| Problem to work on |
The output is the line containing "5daab5794 Lyst - 47" plus every later line down to the end of the listing below, copied exactly. No pictures belong in it.

| Available data |
Segment Open

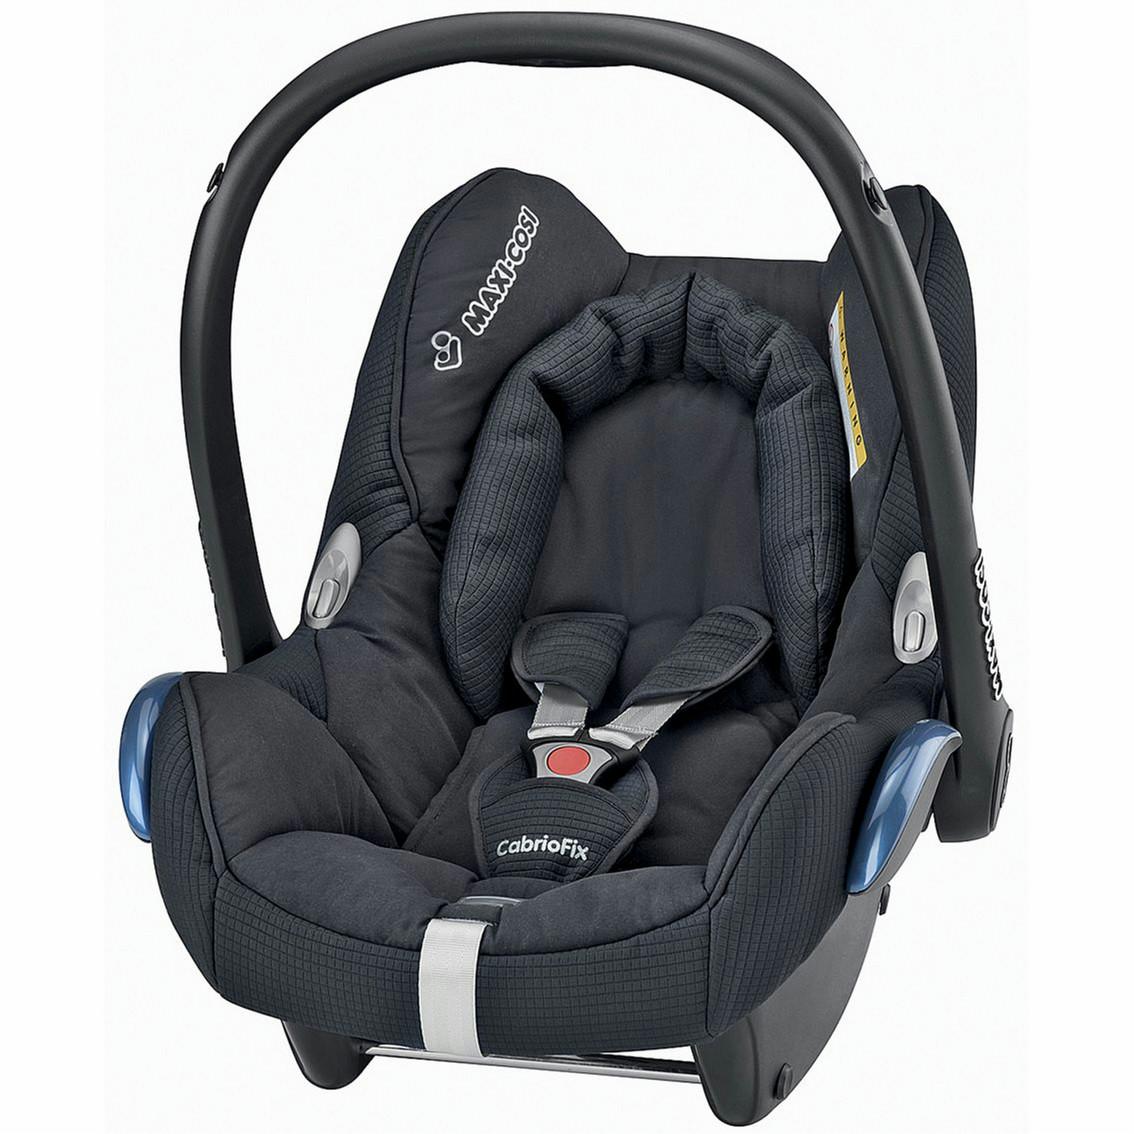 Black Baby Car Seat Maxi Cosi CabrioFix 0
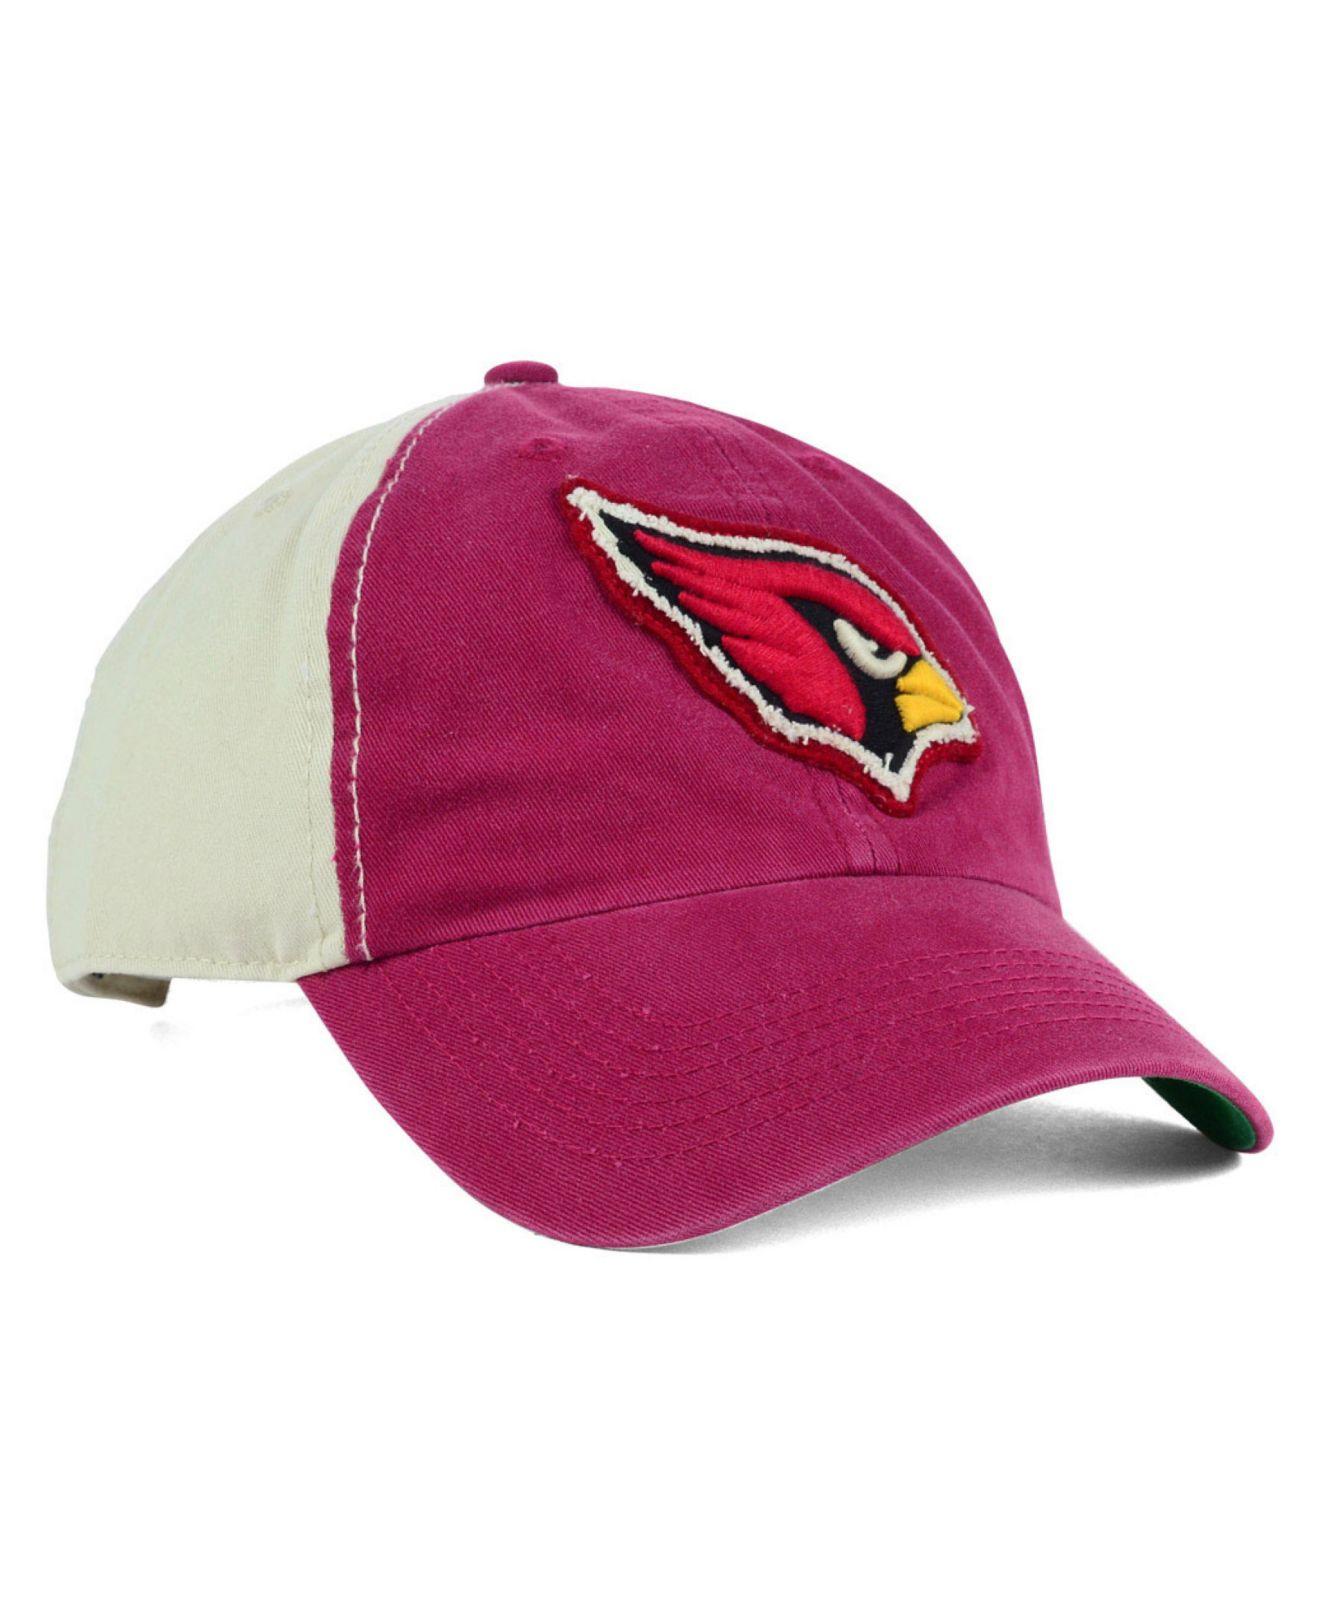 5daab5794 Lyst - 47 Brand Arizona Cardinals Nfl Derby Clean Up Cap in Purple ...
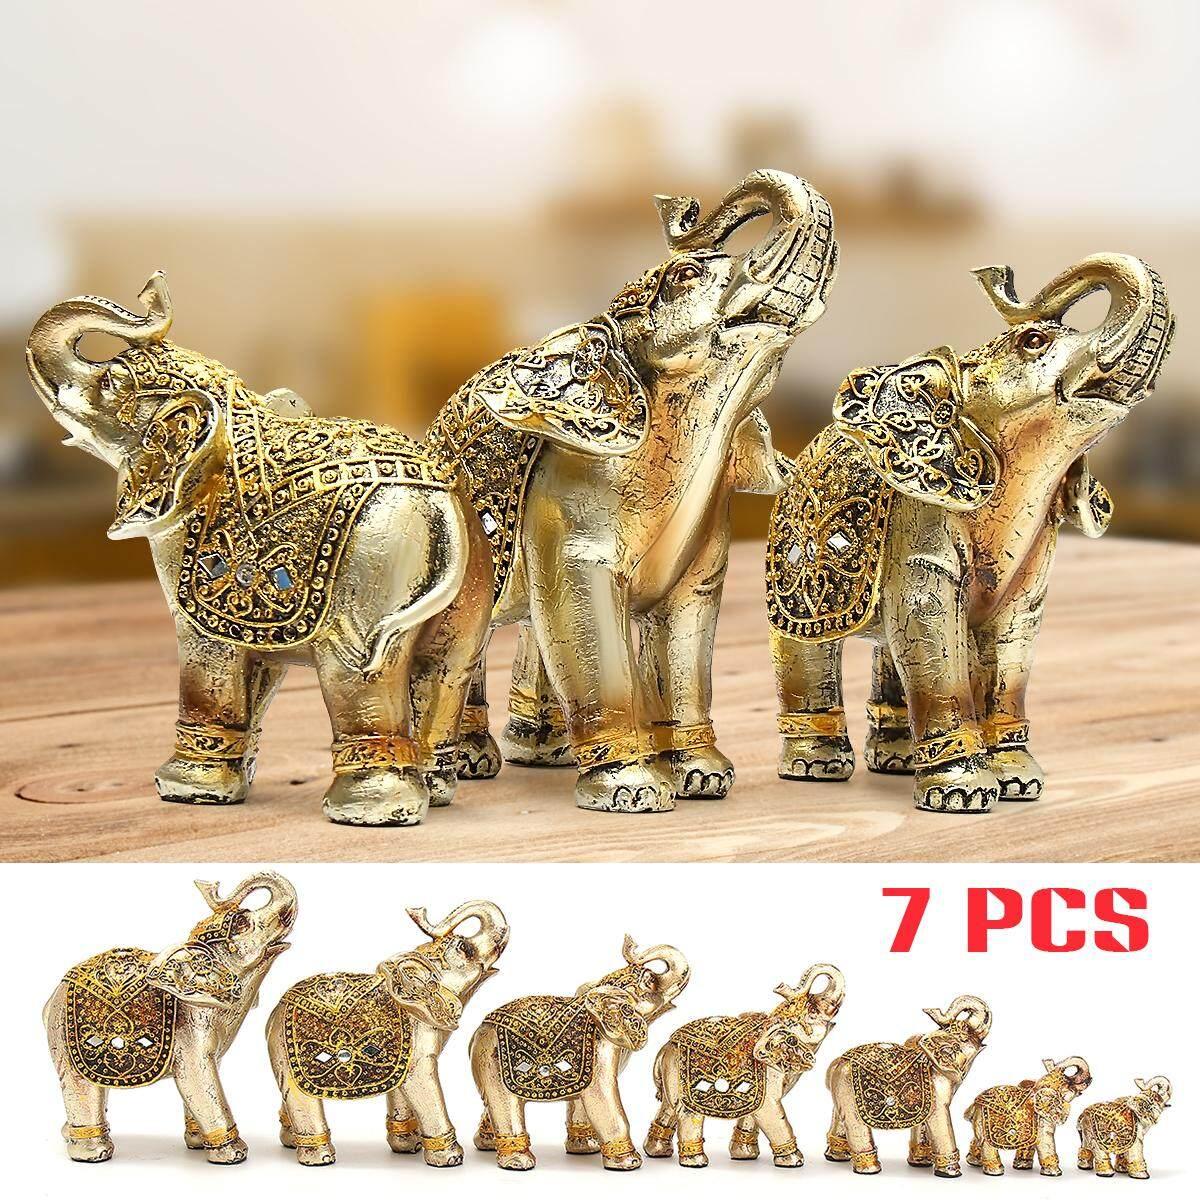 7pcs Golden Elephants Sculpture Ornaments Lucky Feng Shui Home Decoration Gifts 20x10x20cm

Segment Closed

| Answer to this exercise |
 5daab5794 Lyst - 47 Brand Arizona Cardinals Nfl Derby Clean Up Cap in Purple ...
 7pcs Golden Elephants Sculpture Ornaments Lucky Feng Shui Home Decoration Gifts 20x10x20cm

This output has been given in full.